Held on November 27, 2013, at the Grand Central Hotel in Mumbai, the event brought together Indian celebrities, international guests, government officials and was organised by the Government of Catalonia.

=== Art and Cultural Associations ===
She has also been associated with the Indian art and cultural space, including inaugurating exhibitions by contemporary artists such as painter Subodh Poddar in 2009.

== Public Advocacy, Conservation and Charity Work ==

=== Say No to Shahtoosh Campaign (2000–2005) ===
Aarti is actively involved in wildlife conservation, particularly through her work with the Wildlife Trust of India. She has advocated for the protection of the critically endangered animal, the Tibetan antelope (chiru). Its undercoat is used to create shahtoosh shawls, a practice that has led to the decline of the species. She was campaign advisor for the initiative, a collaboration between the Wildlife Trust of India (WTI) and the World Land Trust (UK). The campaign aimed to end the trade and use of shahtoosh shawls. As part of the campaign, Surendranath participated in awareness activities of India’s fashion people and film industry.

=== Emeralds for Elephants Charity Auction (2011) ===
In October 2011, Aarti Gupta Surendranath was involved in the Emeralds for Elephants charity auction held at the Taj Mahal Palace in Mumbai, organized by Gemfields in association with the Wildlife Trust of India (WTI) and the World Land Trust. The initiative aimed to raise funds to establish a network of elephant corridors across India to reduce human-elephant conflict. The project was launched by actress Madhuri Dixit.

Aarti served as the event designer and curator, overseeing the creative execution of the showcase. The collection featured 11 exclusive emerald jewellery pieces, including a 630-carat emerald Ganesh sculpture by artist Arzan Khambatta. The initiative was supported by sponsors such as Jaguar Land Rover, The Taj Hotels, Sotheby’s, and the Gemological Institute of America (GIA India).

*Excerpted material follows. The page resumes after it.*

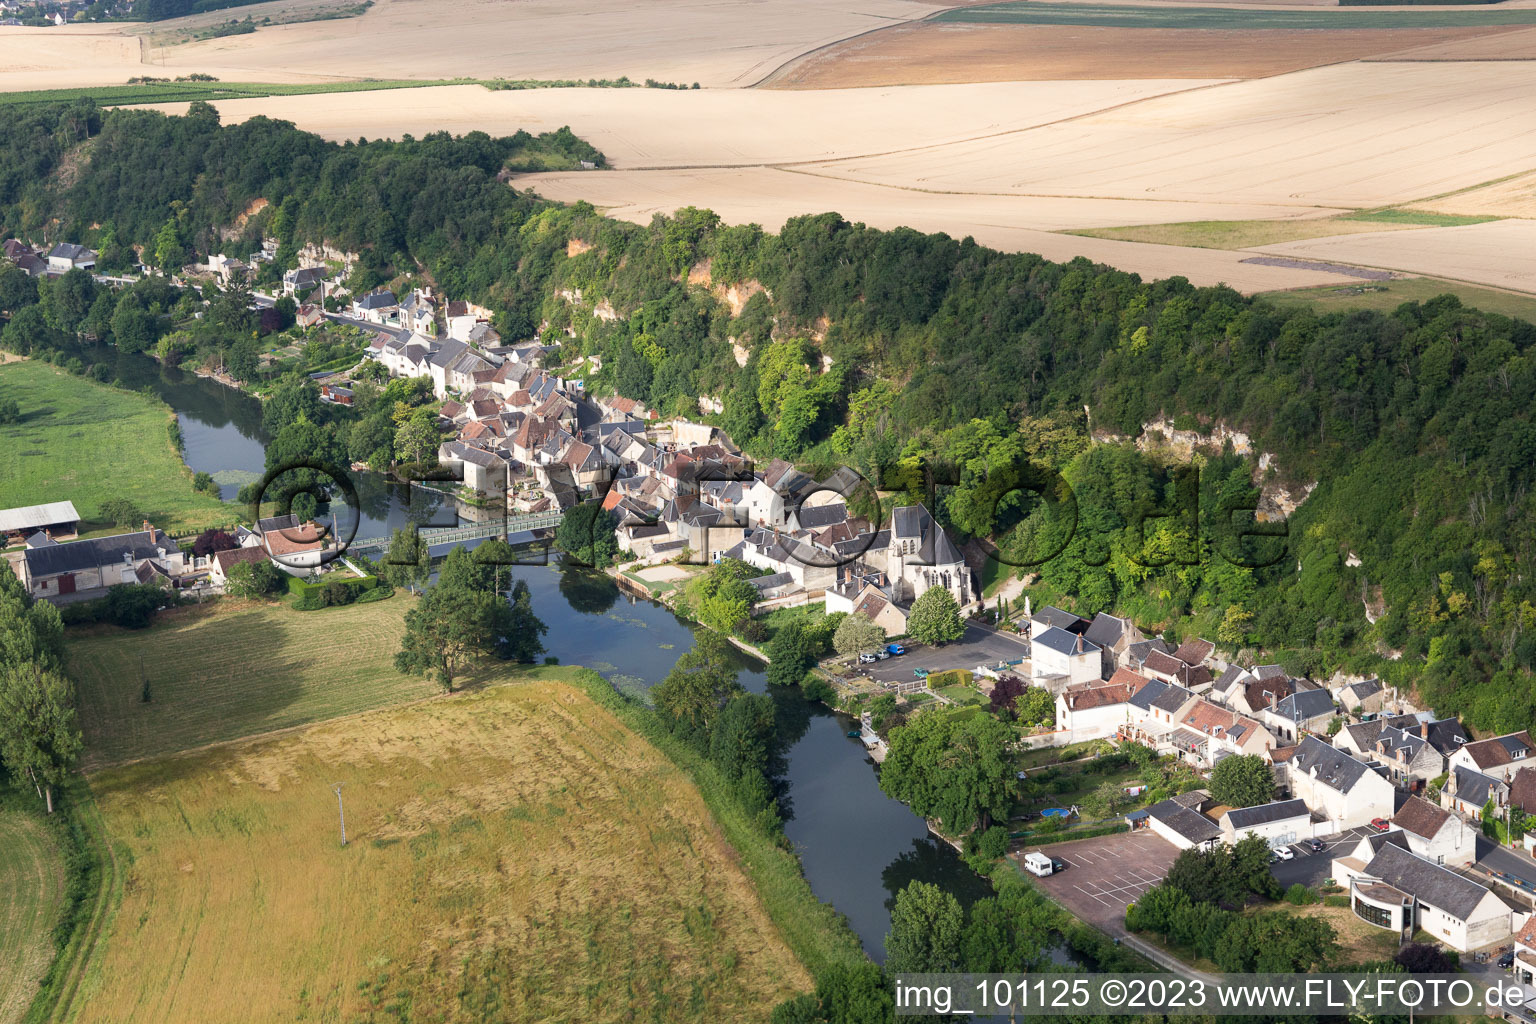 Saint-Rimay im Bundesland Loir-et-Cher, Frankreich aus der Luft betrachtet

=== Social and Civic Engagement ===
Surendranath has also participated in public advocacy efforts, including peace marches and civic protests in Mumbai in 2008 and 2018 for social, humanitarian and environmental causes.

== Honours and Recognition ==

=== IMC Ladies’ Wing Annual Felicitation (2018) ===
On 18 June 2018, she also served as chairperson of the awards committee and moderated the IMC Ladies’ Wing annual felicitation, organized by the Indian Merchants’ Chamber, which felicitated women achievers from various fields.

=== I Am Woman Recognition (2019) ===
In 2019, Aarti Gupta Surendranath and her husband Kailash Surendranath were featured at the IE Business School and Karan Gupta Education Foundation's “I Am Woman” event, which honoured women from diverse fields. They were recognised for their contributions to advertising, culture, and social impact.

=== Femina – We Live in Hope (2025) ===
Aarti was featured in Femina magazine’s special edition titled “We Live in Hope” in January 2025, which profiled Indian women known for their resilience and social impact. In the feature, she shared her journey and thoughts on generational resilience among those born between the 1950s and 1970s, artificial intelligence, gender acceptance, and environmental advocacy.

== Personal life ==
Aarti Gupta Surendranath is married to ad filmmaker Kailash Surendranath. They have two children, a son, Angadveer Surendranath, a director, who co-directed the ‘Har Ghar Tiranga’ campaign and worked on the Bollywood film Race 3 and a daughter, Kshiraja Surendranath, who is a classical Odissi dancer.